Le cœur du sujet ne se résume pas à un chiffre sur une étiquette. Il s’agit plutôt de savoir comment ce fromage s’intègre dans un repas, avec quels nutriments l’associer, et ce que cela change pour la santé à moyen terme. Un Français sur cinq présente un excès de mauvais cholestérol, souvent lié à une hygiène de vie globalement déséquilibrée.

Dans ce contexte, le fromage devient facilement un coupable idéal alors qu’un regard plus fin montre que certains profils, comme le Chamois d’Or, peuvent trouver leur place dans une assiette riche en légumes, en fibres et en activité physique à côté. L’enjeu n’est pas de bannir le fromage, mais de l’apprivoiser.

En bref

  • Chamois d’Or et cholestérol ne sont pas incompatibles si les portions restent modestes et le reste du repas bien pensé.
  • Ce fromage contient relativement peu de graisses pour une portion de 30 g par rapport à d’autres, ce qui le rend intéressant dans une optique de prévention cardiovasculaire.
  • L’association avec des aliments riches en fibres (crudités, légumes, légumineuses) limite l’absorption du cholestérol au niveau intestinal.
  • La fréquence et le contexte de consommation comptent autant que le choix du fromage lui-même dans un régime alimentaire orienté santé.
  • Un suivi médical reste nécessaire en cas de cholestérol élevé, le fromage n’étant qu’un élément parmi d’autres dans l’alimentation globale.

Chamois d’Or, fromage et cholestérol : ce que l’on sait vraiment aujourd’hui

Imaginez une assiette du soir avec une belle tranche de pain, quelques tomates cerises, un peu de Chamois d’Or et une poignée de noix. Beaucoup de personnes avec un bilan sanguin un peu chargé se demandent si cette assiette est une bombe pour leur cholestérol ou une façon raisonnable de garder du plaisir.

Chamois d'Or, fromage et cholestérol : ce que l’on sait vraiment aujourd’hui — assiette de fromage Chamois d'Or avec pain

La réponse dépend de ce que fait le reste de la journée, mais aussi de la nature du fromage choisi. Le Chamois d’Or a la réputation d’être plus léger que bien d’autres, ce qui intrigue à juste titre.

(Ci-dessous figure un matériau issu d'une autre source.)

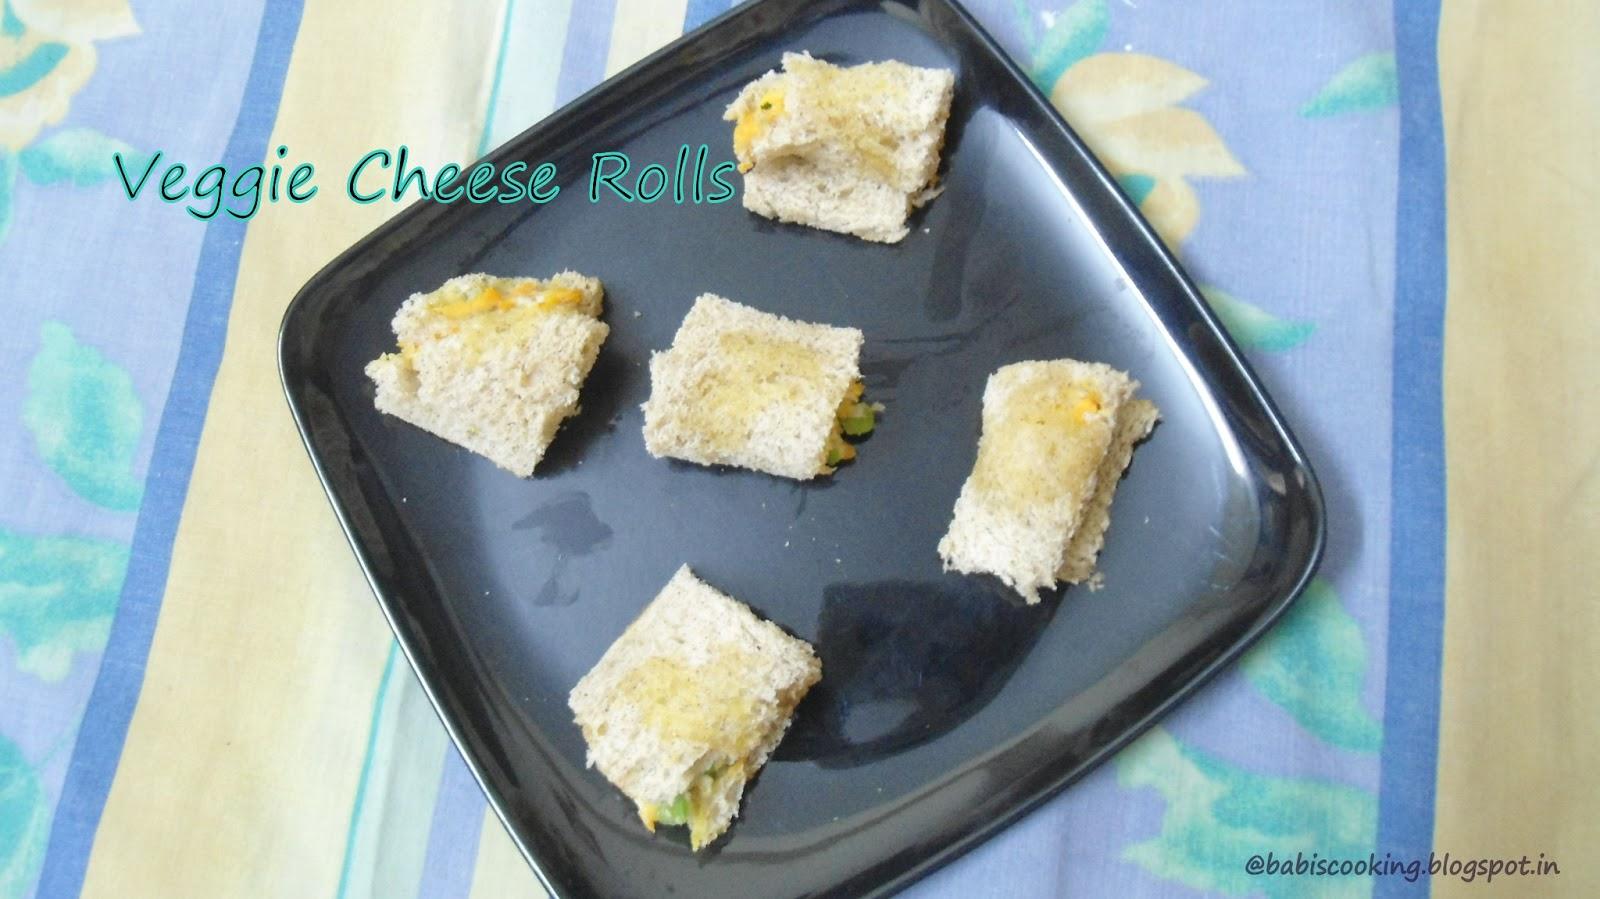 Veggie cheese rolls

Ce fromage figure souvent parmi les fromages dits « maigres » ou relativement modérés en lipides par portion. Quand on parle de 3 g de graisses environ pour 30 g, on reste sur un niveau nettement inférieur à celui d’un comté bien affiné ou d’un camembert généreux. Cela ne veut pas dire qu’il devient un aliment « sans impact », mais plutôt qu’il peut s’insérer dans un programme orienté prévention des maladies cardiovasculaires sans faire tout dérailler.

Les recommandations actuelles insistent surtout sur la part totale de lipides dans la journée. Pour limiter le risque d’athérosclérose, on vise souvent 30 à 35 % des apports caloriques sous forme de graisses, au lieu des 40 à 42 % qui restent fréquents. Les acides gras saturés des produits laitiers et des viandes grasses participent à la hausse du LDL, ce fameux « mauvais » cholestérol. L’idée n’est pas de les supprimer, mais de les réduire pour laisser plus de place aux graisses insaturées des huiles végétales, des poissons gras ou des oléagineux.

Dans ce cadre, un fromage comme le Chamois d’Or a deux atouts principaux. D’abord, il reste relativement modéré en lipides pour un fromage tendre, ce qui permet de garder une petite portion sans dépasser le quota quotidien. Ensuite, son goût assez doux et crémeux en fait un candidat simple à doser : 20 à 30 g suffisent à parfumer une tartine ou un gratin, sans donner l’impression de punition. C’est très différent d’un fromage tellement puissant qu’on a du mal à rester mesuré, ou au contraire si neutre qu’on en rajoute par réflexe.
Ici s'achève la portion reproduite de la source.